2017 ISAKOS Biennial Congress ePoster #418

 

A Comparative Clinical and Functional Assessment of Endobutton Versus Titanium Anchor Repair of Distal Biceps Brachii Tendon Injuries

Pawel Reichert, PhD, Wroclaw POLAND
Aleksandra Krolikowska, PhD, Wroclaw POLAND
Maciej Krzysztof Kentel, MD, Wroclaw POLAND
Andrzej Czamara, PhD, Prof., Wroclaw POLAND
Lukasz Szuba, PhD, Wroclaw POLAND
Sebastian Krupa, Karwiany POLAND
Jaroslaw Witkowski, MD, Wroclaw POLAND

Department of Traumatology, Clinic of Traumatology and Hand Surgery, Wroclaw Medical University, The College of Physiotherapy in Wroclaw, eMkamed Medical Center in Wroclaw, Wroclaw, POLAND

FDA Status Cleared

Summary

The comparison of the clinical and functional outcome of cortical button versus suture anchor repair of distal biceps tendon injuries generally showed no differences between the studied fixation methods.

Abstract

Anatomic reinsertion of the distal biceps brachii tendon is the most commonly recommended primary treatment option for distal biceps injuries in appropriately indicated patients.
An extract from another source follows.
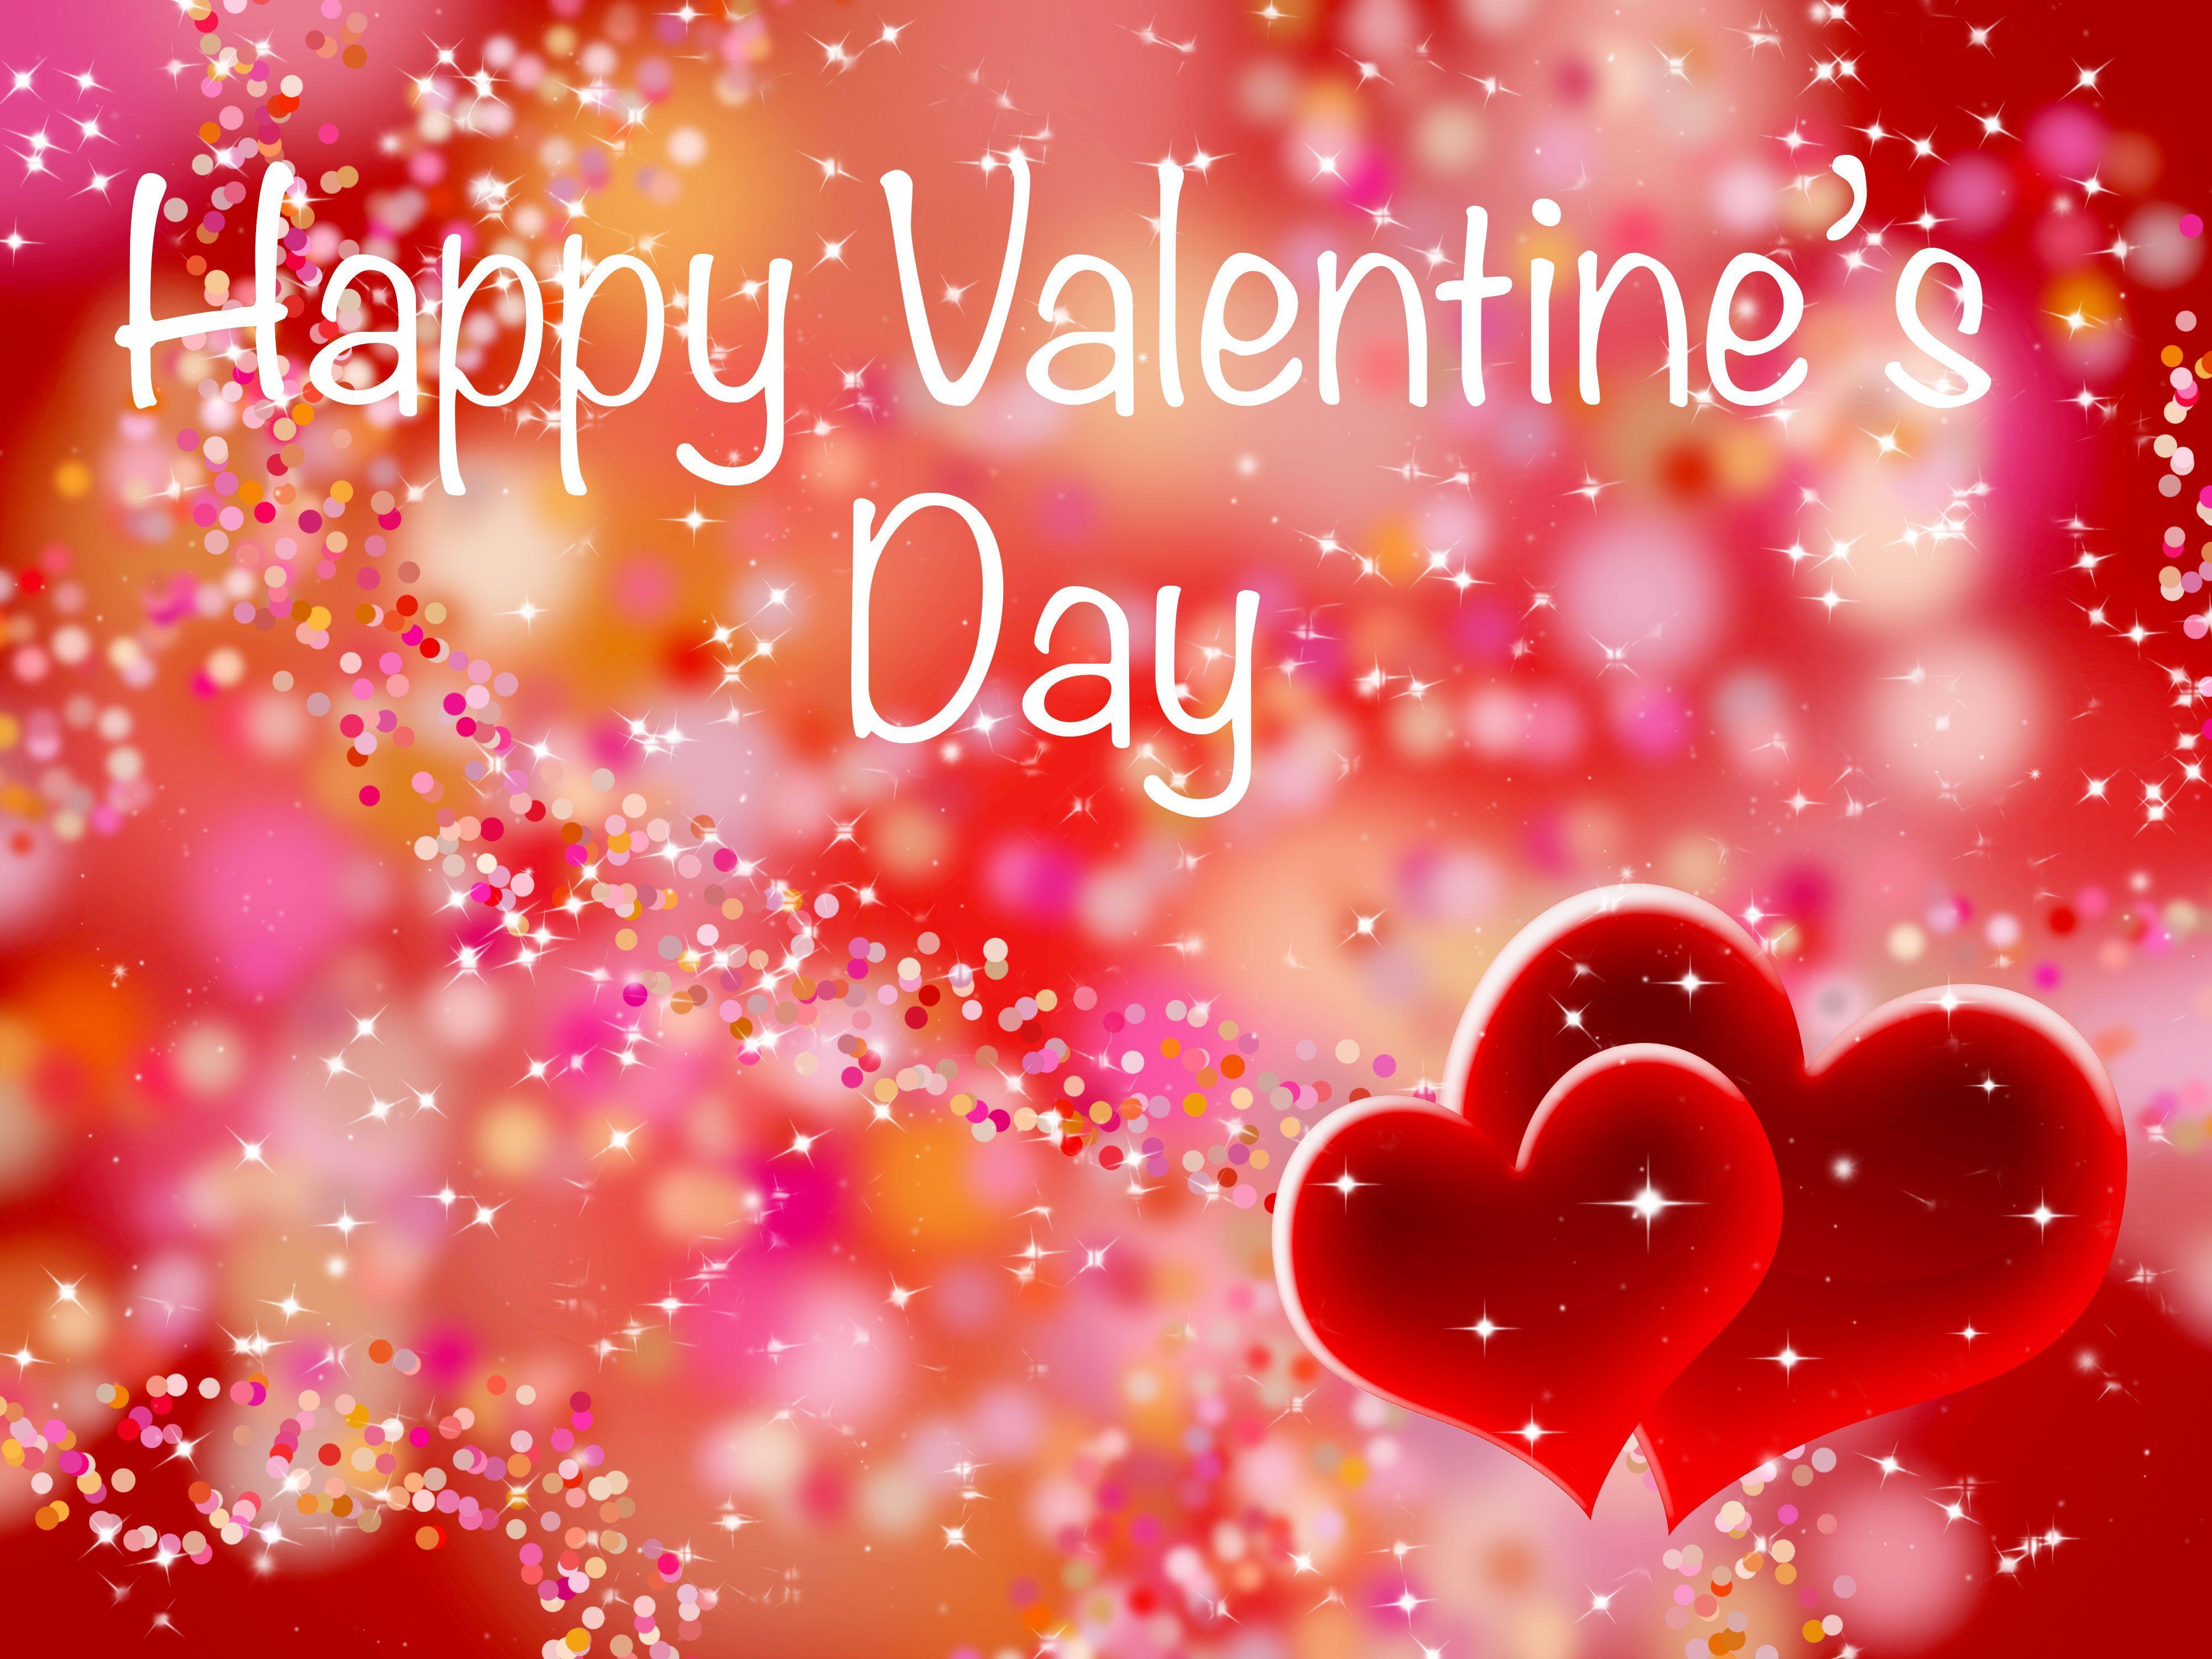 4000x3000 Happy Valentine's Day HD Wallpaper, Background & Picture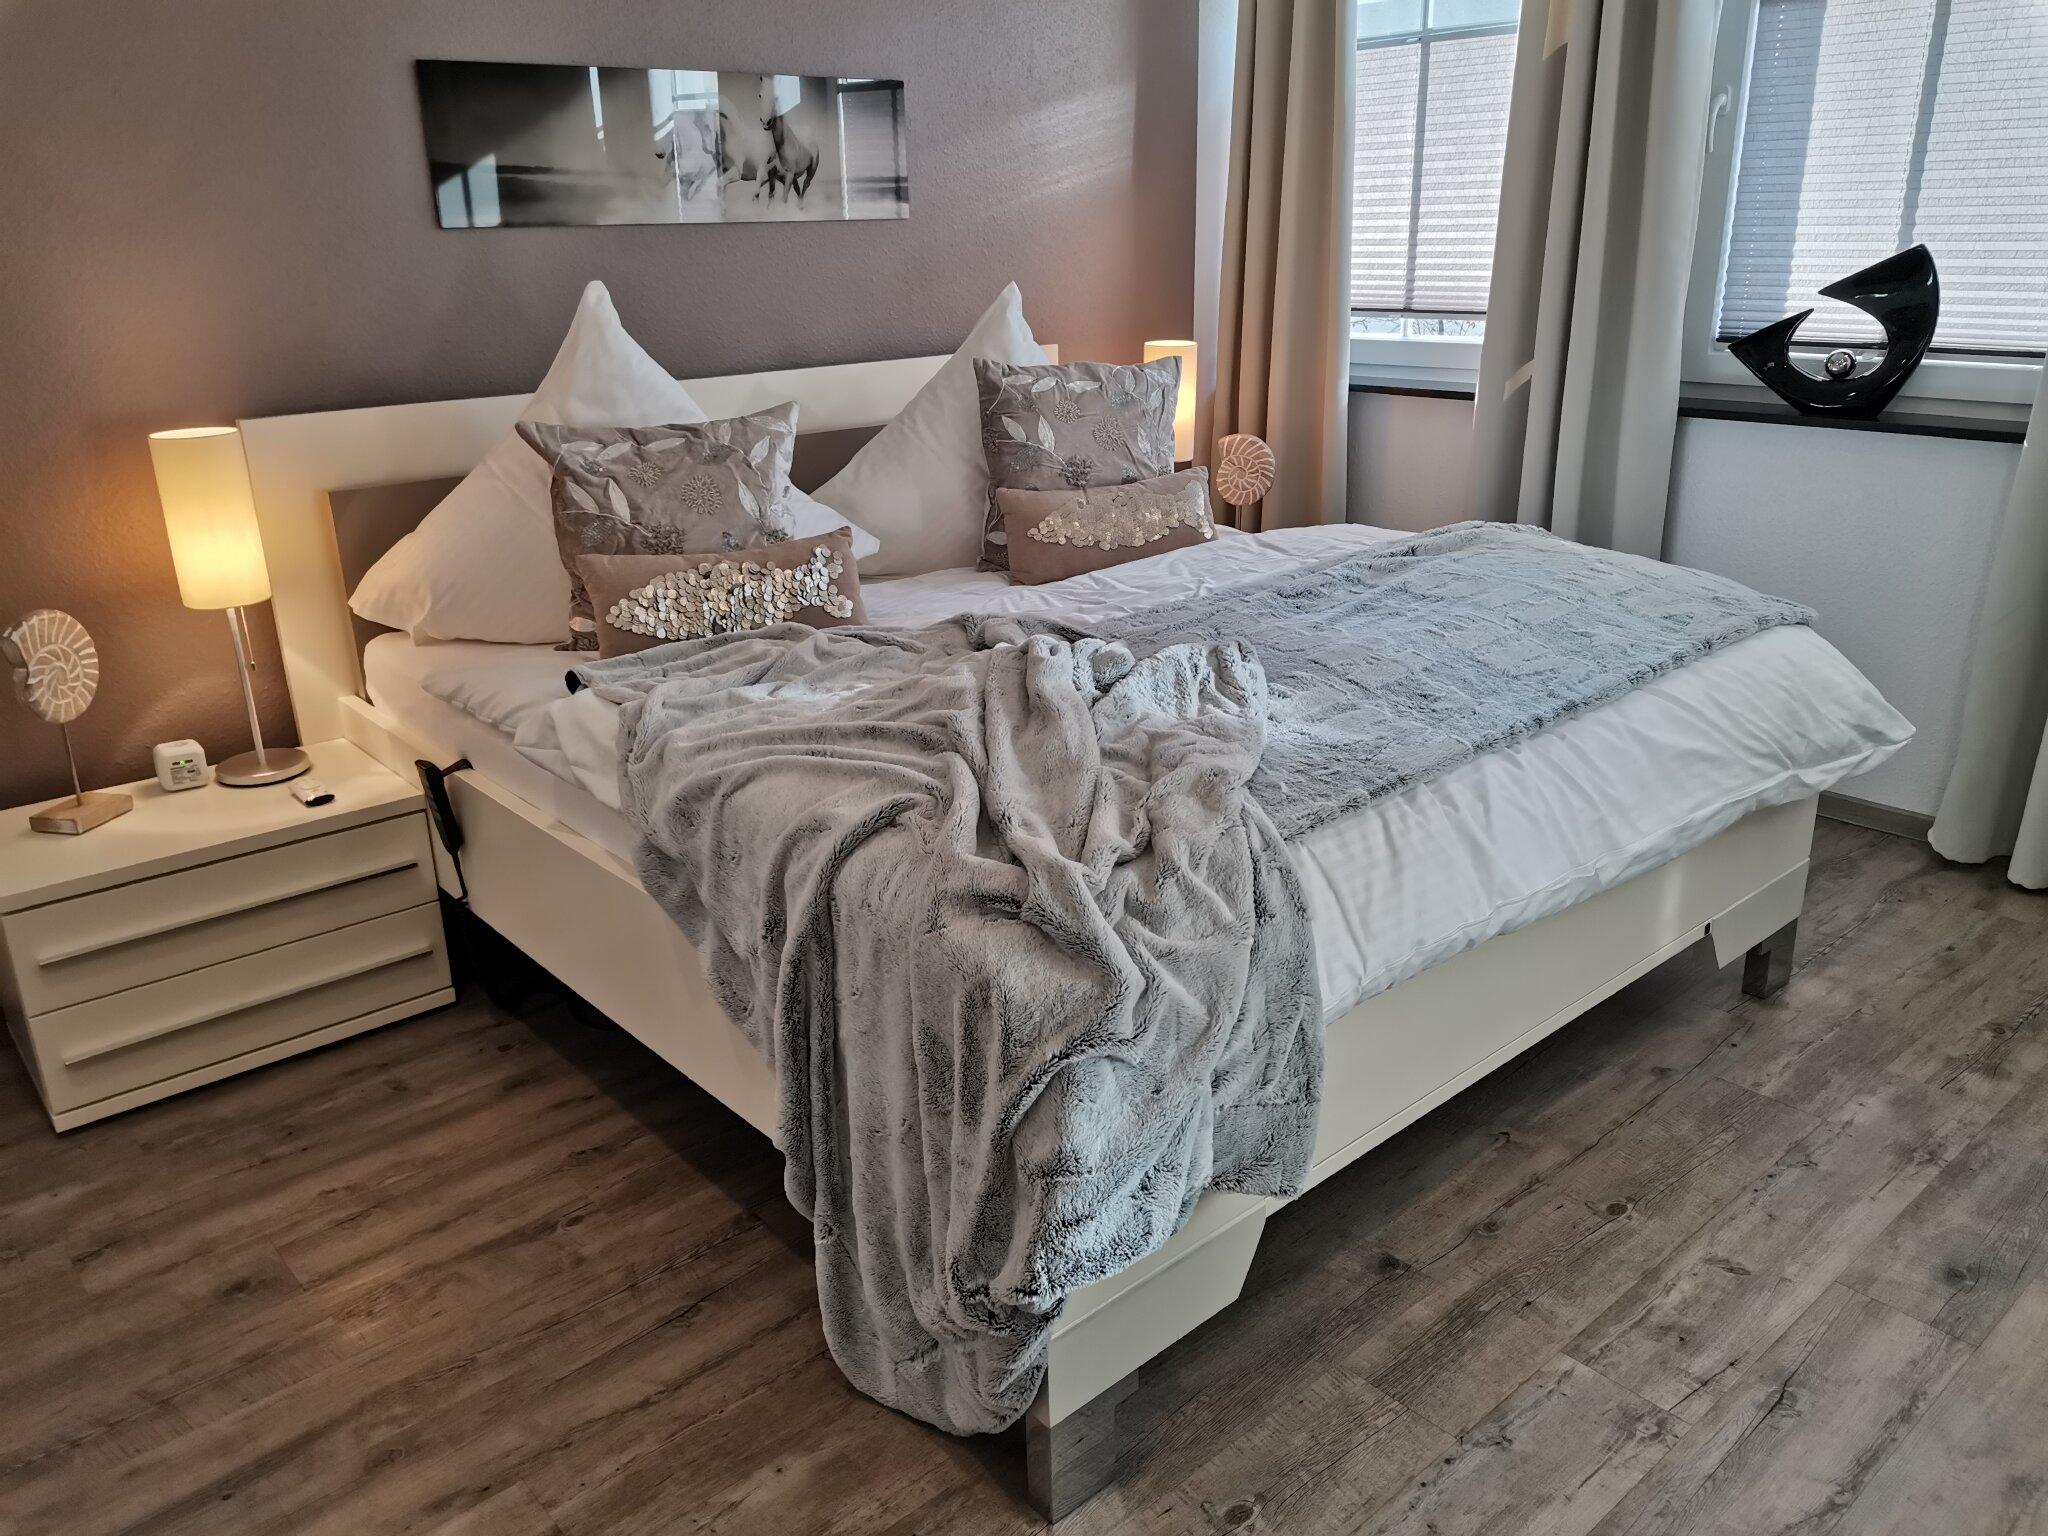 Schlafzimmer 1 mit Seniorenbettsystem,TV

In aim to improve fixation strength, to limit postsurgical complications and to allow early functional recovery, various surgical techniques of the tendon reinsertion have been described, mostly with comparable results in clinical outcomes and biomechanics.
The goal of the study was to compare the clinical and functional outcome of cortical button to titanium anchor repair of distal biceps tendon injuries.
The studied material consist of 25 males averagely 3 years after single-incision surgical reinsertion of the distal biceps brachii tendon with the use of cortical button (Group I, n=11) and suture anchor (Group II, n=14). There were found no statistically significant differences between the two studied groups in age, body height, body mass, the time between injury and surgery and in the time of postoperative physiotherapeutic procedure duration. The outcome was assessed with the use of range of forearm motion (ROM) and circumferences of elbow joint and arm measurements. All patients were scored with the visual analogue scale (VAS), Mayo Elbow Performance Index (MEPI) and Quick Disability of the Arm, Shoulder, and Hand (Quick DASH). The measurements of the forearm flexors and supinators muscles torques under isometric and isokinetic conditions with the two different angular velocities (60°/s and 180°/s) using Biodex 3 System were carried out. The obtained torques were normalized to body mass.
The inter-group statistical analysis revealed no statistically significant differences in forearm ROM and circumferences of involved limbs. No statistically significant differences between the studied groups were noted in VAS, MEPI and Quick DASH. The results of measured muscles torques under isometric and isokinetic conditions didn’t reveal any significant differences between the studied groups.
The comparison of the clinical and functional outcome of cortical button versus suture anchor repair of distal biceps tendon injuries generally showed no differences between the studied fixation methods. Because of the fact, that the patient-reported measures weren’t in line with objectively measured features, a patient assessment after repair of distal biceps brachii tendon injury should report both subjective and objective methods of evaluation.